I read the first lines. "That's right," I said.

"Good. Let's continue. The defense may be directed against sex and intercourse in general. The possibilities are listed: excessive egotism, ignorance of the anatomy and physiology of the reproductive organs, fear of pregnancy, aversion to the partner, possibly due to a previous love affair or something discovered after marriage. I think it says that even halitosis might form the basis of such an aversion, right?"

"What?"

"Bad breath," he said. "You know. You're in bed with someone, and he turns to you and—"

"Oh." I read and looked up at him. "Yes."

"So if you read between the lines there, before someone marries someone, she should be very familiar with him. They should conduct some test runs, don't you think?"

"I don't know that that's necessarily the inevitable conclusion," I said quickly.

He laughed. "Well, let's use you as a case in point," he said and sat on the settee. "Reading between the lines concerning what you told me about your boyfriend and you, I assume that you and he never made love.

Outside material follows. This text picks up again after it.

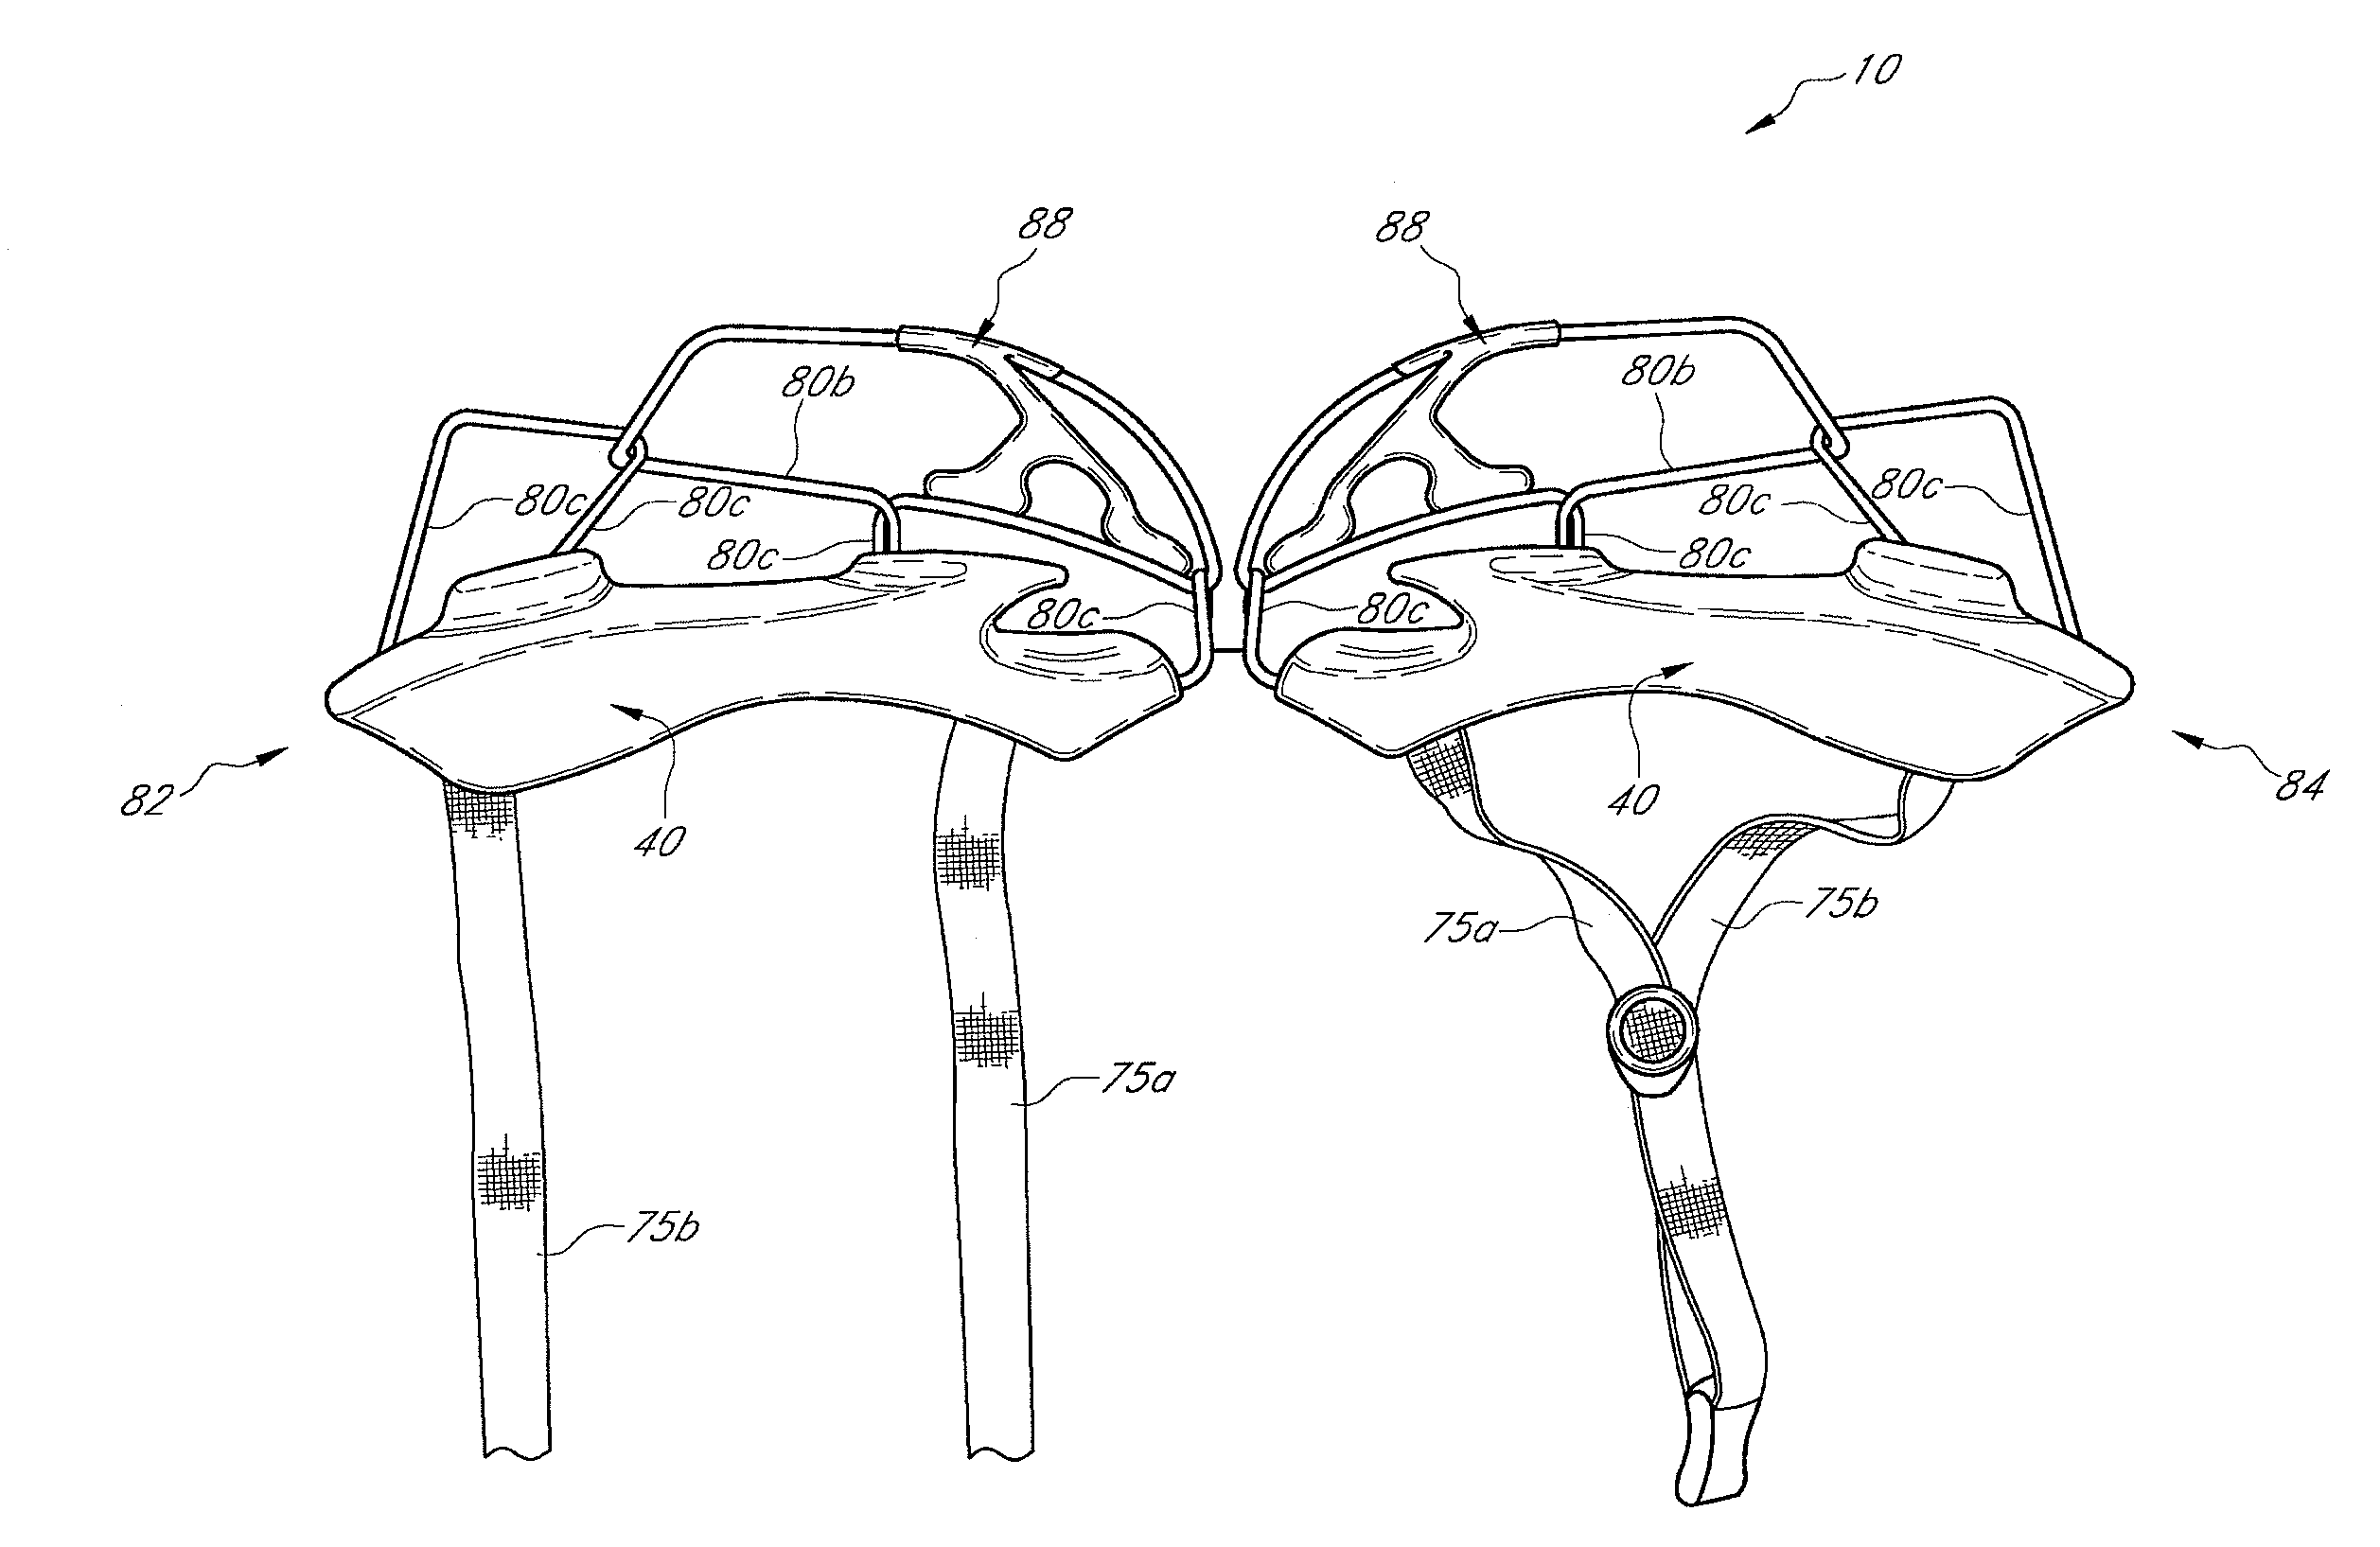 Bicycle helmet with reinforcement structure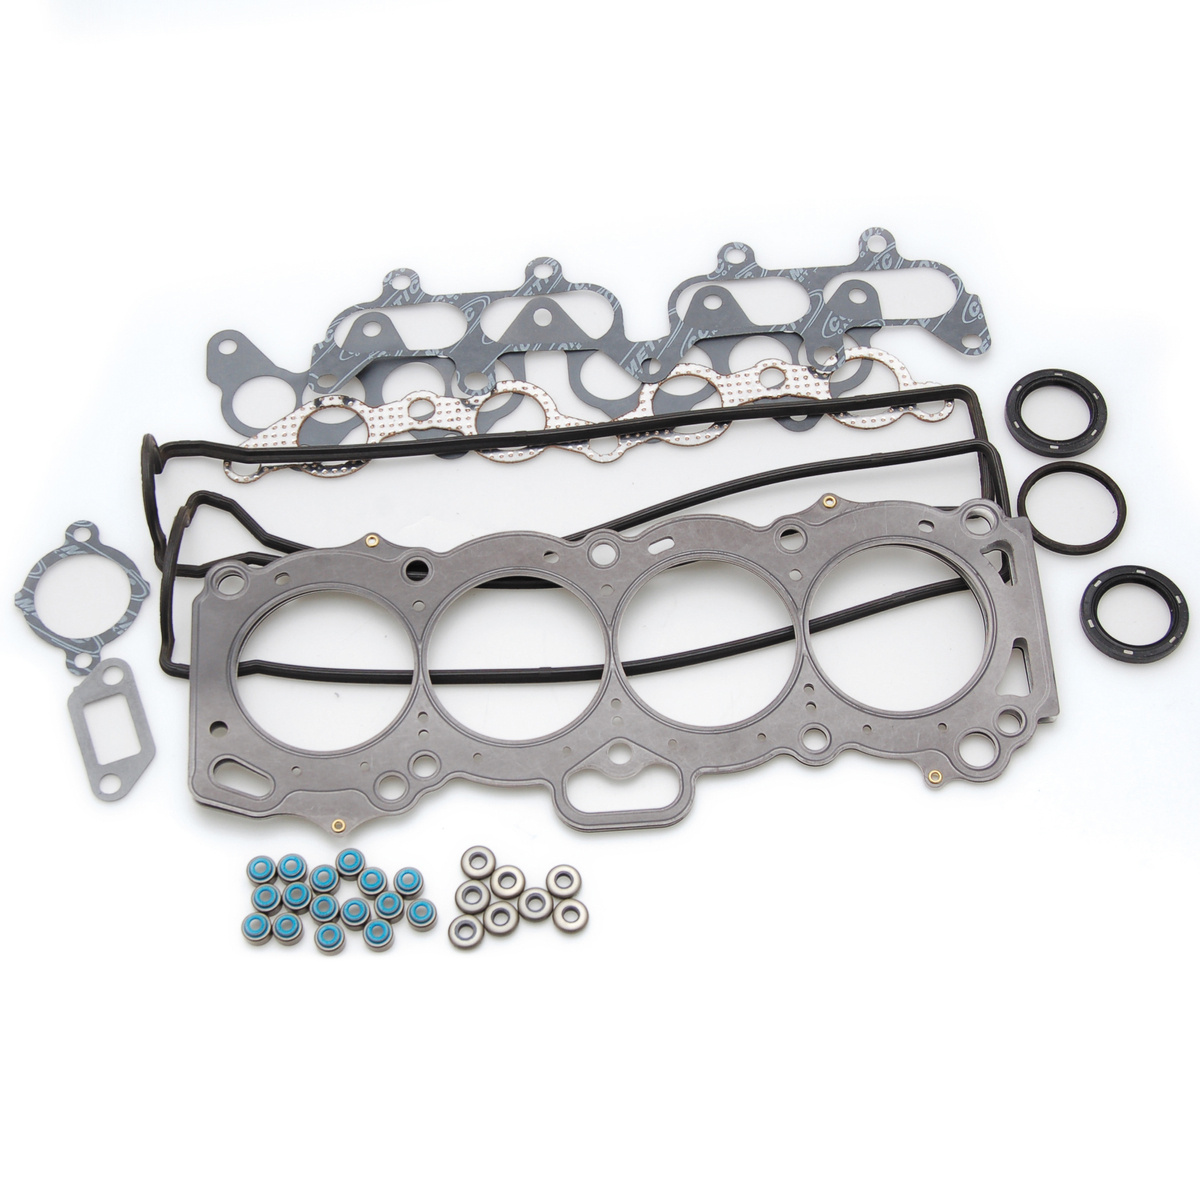 Cylinder Head Gasket Toyota 4A-GE Top End Gasket Kit, 81.5mm Bore, .030" MLS , 16-Valve Cometic PRO2041T-815-030

Correct?"

"I don't want to discuss my personal life," I said.

"You have to become purely objective, even about yourself, if you want to be a good physician. That's why I say that some people are just not psychologically prepared to become doctors. They might be smart —valedictorians, even—but if they can't bridge the psychological gaps—"

"I can handle the psychological gaps," I snapped.

"Fine. Then you shouldn't have any trouble discussing yourself. You're human, right? Every reaction you have, other people have, too, people you're going to examine and treat. When a man touches you, your body does the same things another woman's body does when a man touches her," he said and shrugged. "Don't you see that?"

"Yes, but . . ."

"So. Let's continue. It's much better to work these problems out with real subjects than just to recite lines from textbooks. You might be suffering from frigidity," he said nodding firmly.

"What?"

"It's a medical term for the incapacity of the female to derive normal pleasure from sexual intercourse. It's right there in the textbook, bottom of the page on the right side." He indicated the passage with his right forefinger.